Jakarta, Gesuri.id - Ungkapan Bob Marley itu seolah ditakdirkan untuk menjelaskan satu bab penting dalam hidup Megawati Soekarnoputri lebih dari lima dasawarsa silam, saat Megawati tidak punya pilihan lain selain menguatkan diri daripada menyesali nasib.
Usia Megawati baru 23 tahun saat badai datang dalam hidupnya. Badai yang sejenak menghancurkan mimpi-mimpinya, memaksanya untuk memadatkan kesedihan dan tanggung jawab kehidupan dalam satu tarikan napas yang panjang.
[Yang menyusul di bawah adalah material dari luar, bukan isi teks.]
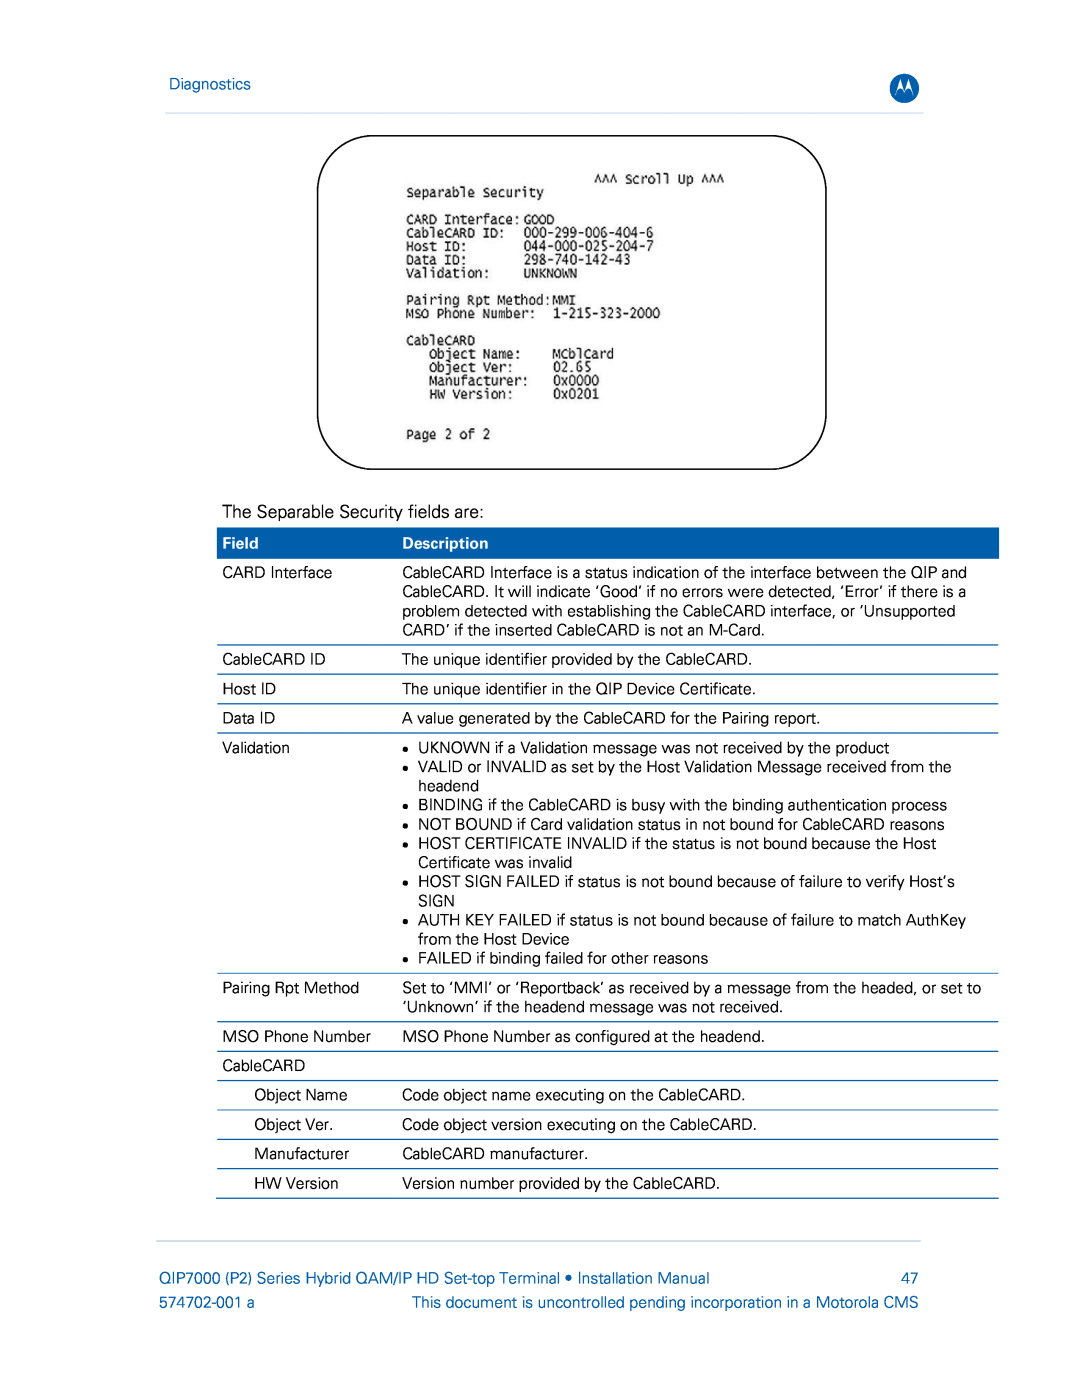 Motorola QIP7000 installation manual The Separable Security fields are, Diagnostics, Field, Description, 574702-001 a

Badai pertama datang sehari menjelang perayaan hari ulang tahun Mega, 23 Januari 1970. Sang suami yang baru dinikahi selama dua tahun, Letnan Satu (Penerbang) Surindro Supjarso, mengalami kecelakaan di perairan Biak, Irian Jaya, saat mempiloti pesawat Skyvan T-701m, pada 22 Januari 1970.
Surindro dikenal sebagai sahabat Guntur Soekarnoputra, kakak Megawati. Resepsi pernikahan Mega dan Surindro dilangsungkan pada 1 Juni 1968, bertepatan dengan Hari Lahir Pancasila, falsafah bangsa yang digali Presiden Soekarno dari kearifan rakyat Indonesia.